My brother bought the book of that title in the 70's. Short summary, we now use #8 aberdeen hooks hooking the crawler once though the nose when we're still fishing for smallies and walleye's. Never had a problem with hooking fish ever with that tiny hook - it looks like a perch hook...The first year using it he caught a 5 1/2 smallie in Parry Sound Canada...Anybody out there use this stretgy or how do you fish crawlers?


----------



## jmenchhofer (Jan 12, 2007)

I've caught a bunch of largemouth fishing ponds using a #6 or #8 aberdeen hook with a 1/16 oz. worm weight and hooking the worm through the nose, just as you said. It's pretty effective this time of year, before the weeds get going. We also used to sometimes replace the worm weight with a split shot a foot or so in front of the hook and inflate the work with a worm blower to keep it floating above the bottom. I've also caught a few creek smallies in the fall using this technique.


----------



## Smallmouth Crazy (Apr 4, 2006)

I used to have access to a pond in southern Ohio(family member sold the property ) but my son used to kill the LM in there on crawlers, couple years back he caught a LM 3+lbs on a crawler, he was as excited as he could be..me to for that matter


----------



## Blue Pike (Apr 24, 2004)

Yep, Charmer. Like your brother I bought a copy of Lunkers Love Nightcrawlers back in the 70&#8217;s.

To this day, some 30+ years later I still use the Mustad Aberdeen #3261 Bronze hooks and 4 to 6 pound test line for fishing crawlers using this system of fishing.

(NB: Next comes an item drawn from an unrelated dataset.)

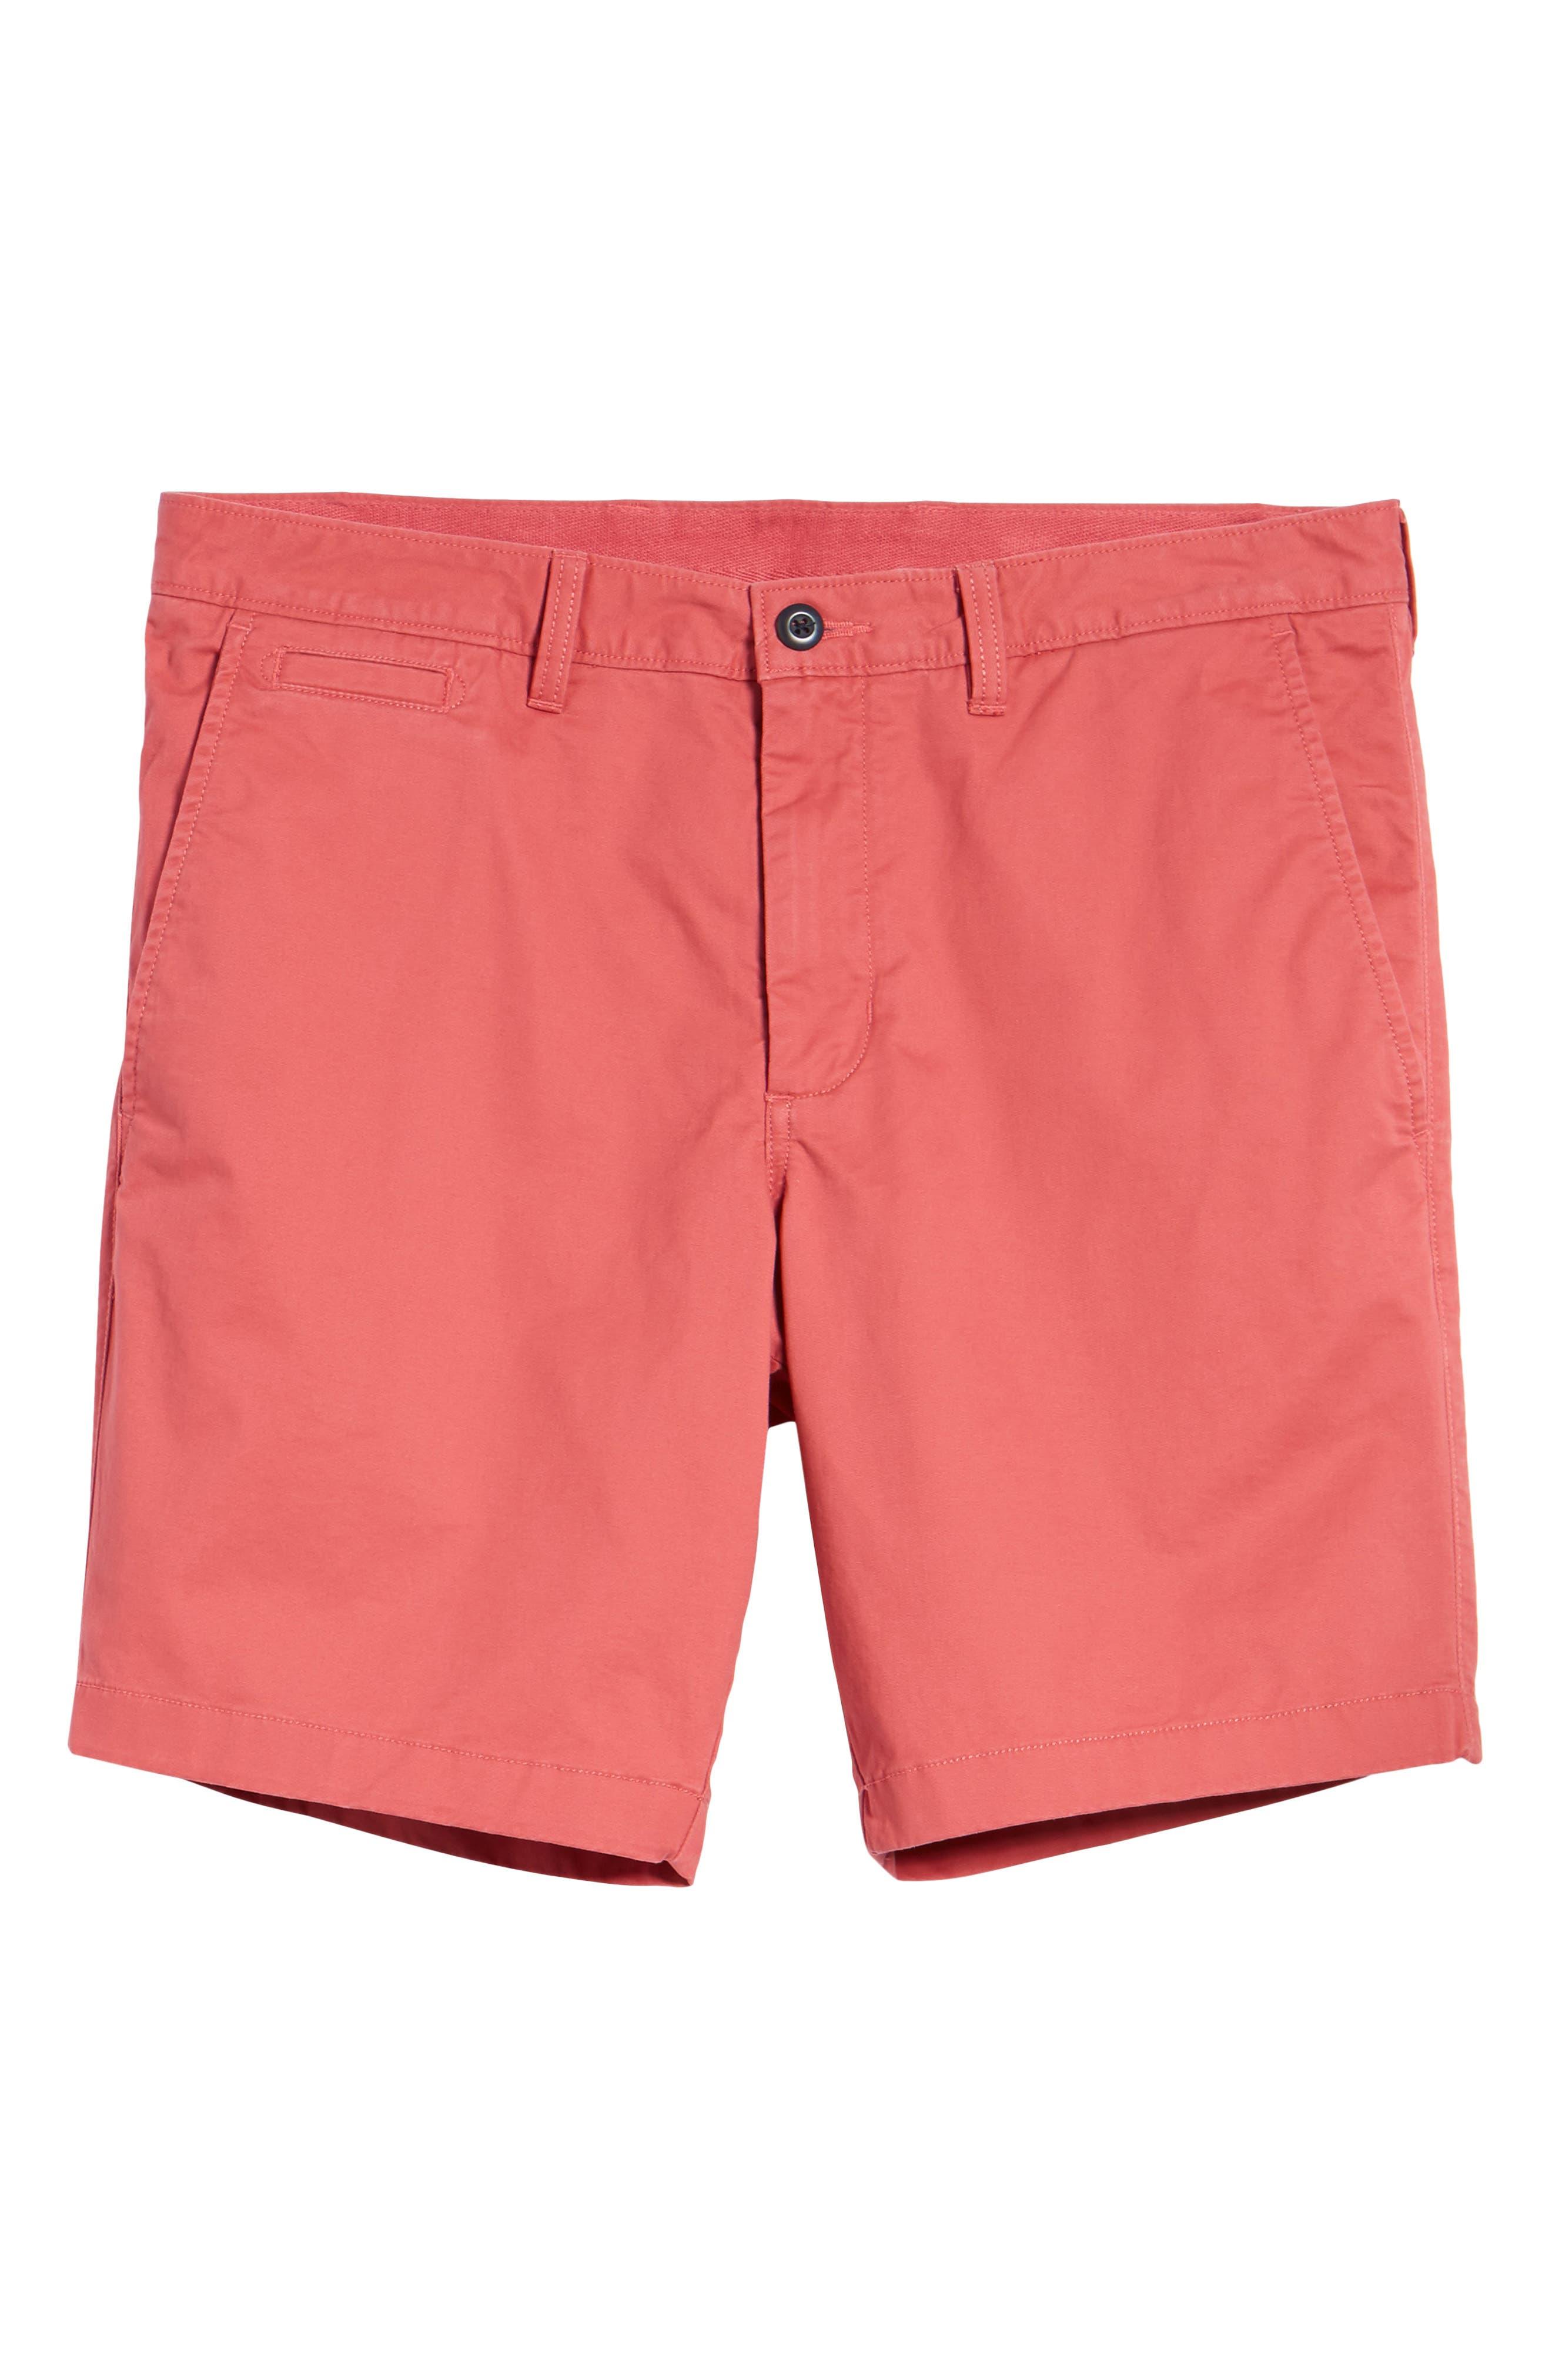 Ballard Slim Fit Stretch Chino 9-Inch Shorts,                             Alternate thumbnail 71, color,

But what really made that $2.95 book with the jumping bass on the cover worth every penny I spent for it back in 1974. 
Chapter 19, Structure is where the fish are.
That one chapter in that $3 book got me into fishing places that I never would have fished, drop offs, weed lines, humps and bumps, points and so on. That chapter in that book sent me on a never ending quest to learn as much as possible about fishing, 

It&#8217;s been a fun ride.


----------



## Snakecharmer (Apr 9, 2008)

My brother was not much of a reader back then. That book "Lunkers love Nightcrawler" may have been the first book he read for fun. Well he devoured that and many fishing magazines and before we knew it, He went to BGSU, got an accounting degree , later a masters, and it currently teaching college in S.C.. All because of a love of fishing got him to read for pleasure and knowledge...His son didn't fall far from the tree and in now at Hocking Tech majoring in wildlife mgmt.He's suppose to be working with ODNR this summer...

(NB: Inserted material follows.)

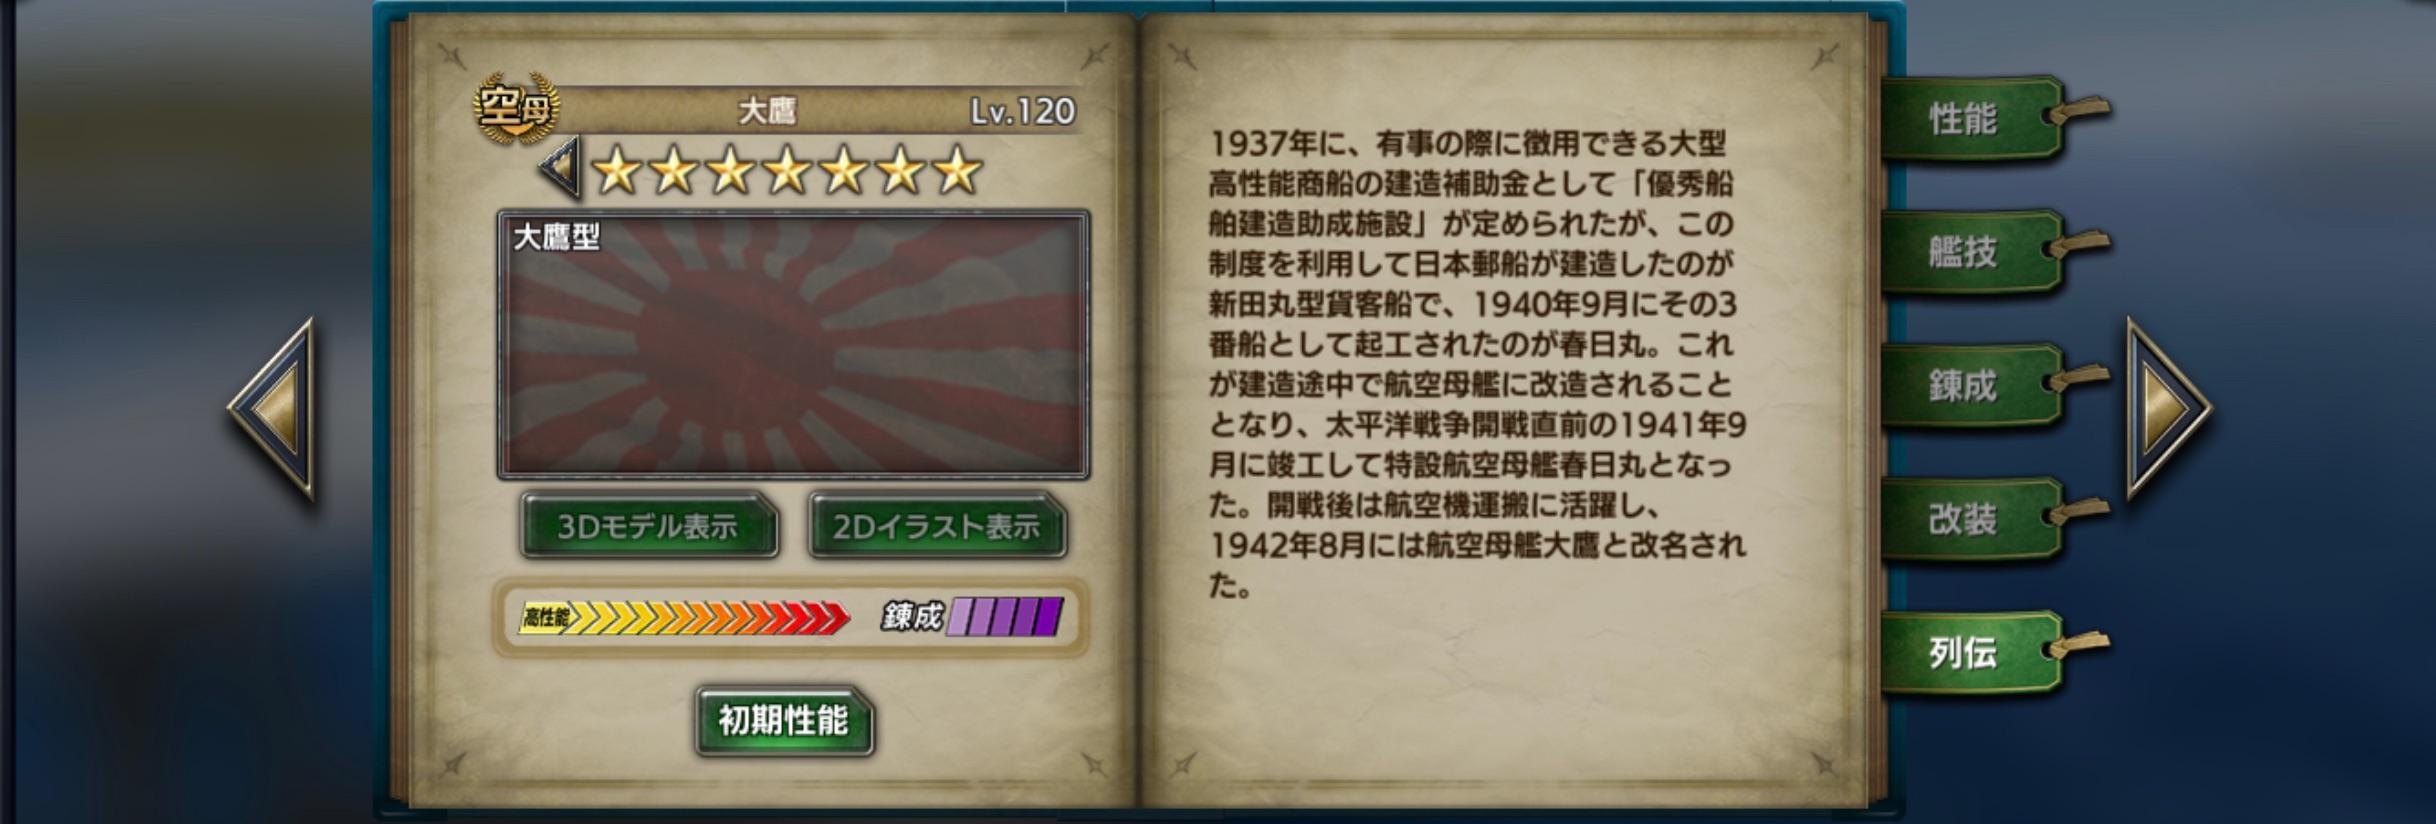 Taiyo-history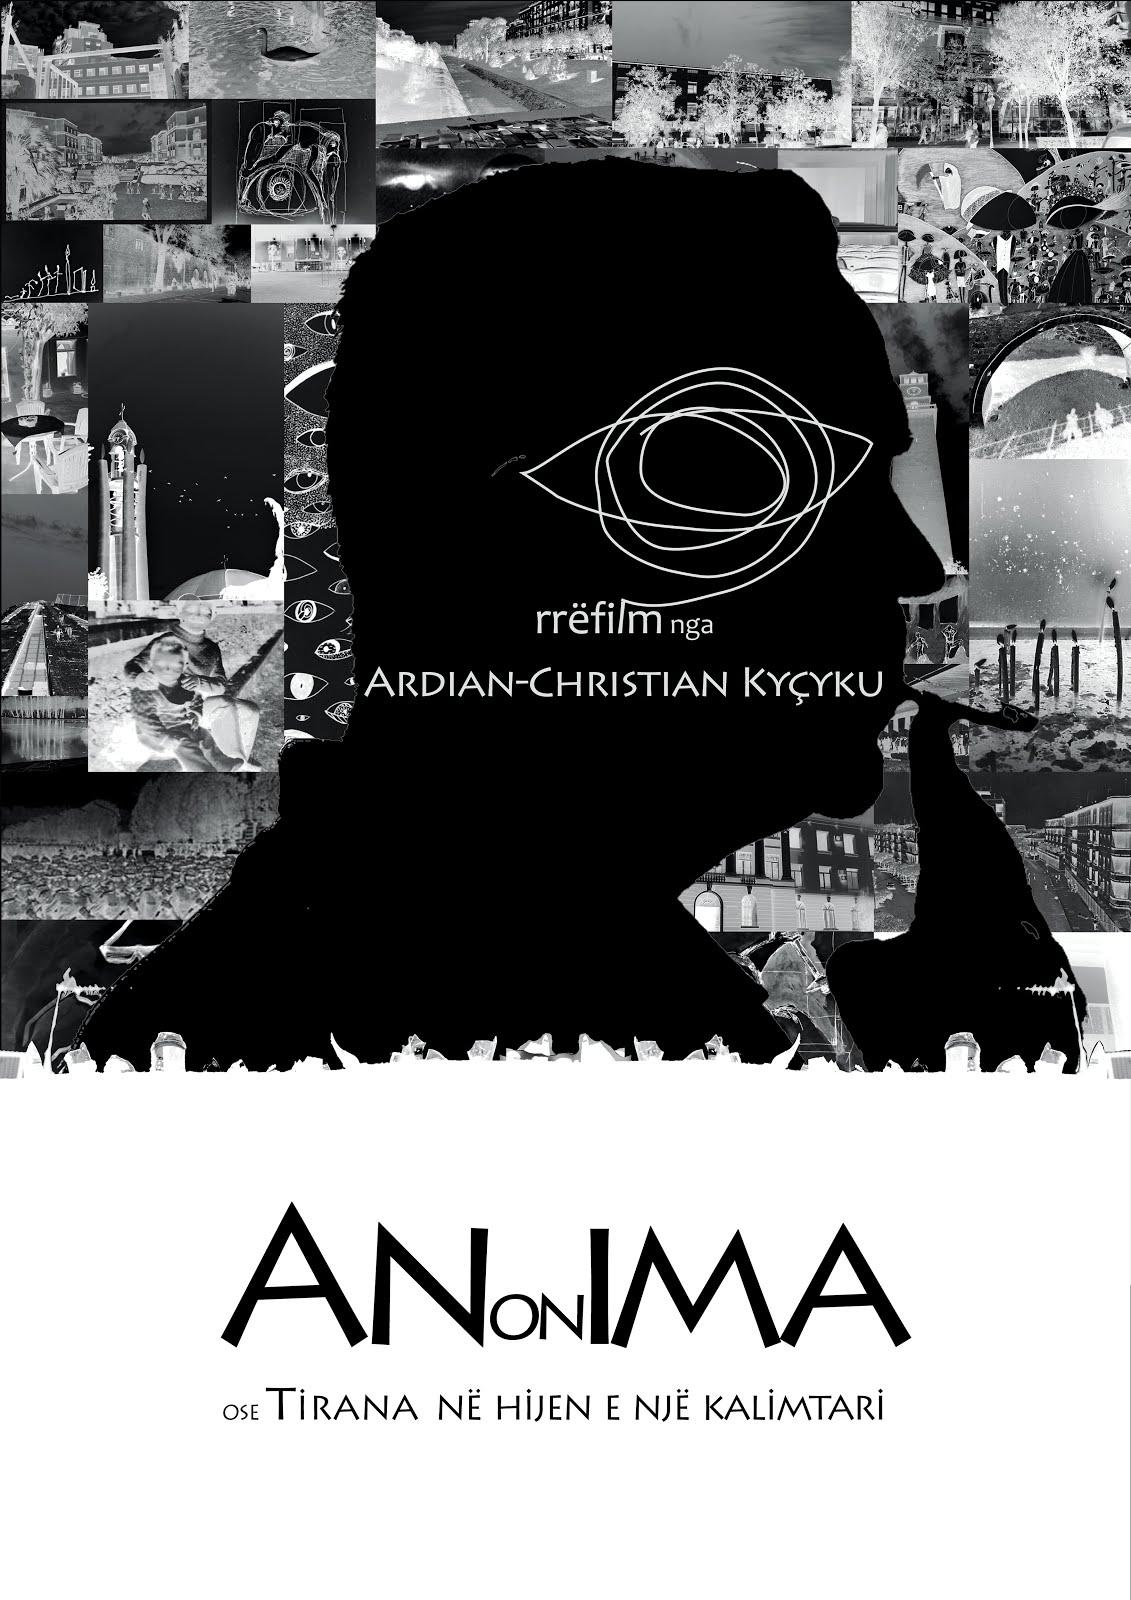 Anonima - rrëfilm

I'm going to dust off that book and give it a quick re-read...I had forgotten about some of the other lessons in there...


----------



## WPM (Jun 9, 2006)

What a great book! We loved it back in the 70's
(Some of it is a BIT over-the-top. We used to chuckle over the intro chapter where the author takes a rookie fishing - imagining what it would be like to have the expert tossing your bait over the side and snapping your knots with two fingers.)
Seriously, though, tons of good info (where would we be without structure fishing?) Have you tried _back-trolling _with nightcrawler secrets? I dusted _that_ off a couple years ago at Highlandtown and got 4 or 5 LMs in the middle of a sunny day.
Let's see, I've got a supply of walking sinkers, now where did I put that "worm blower"?
NDG


----------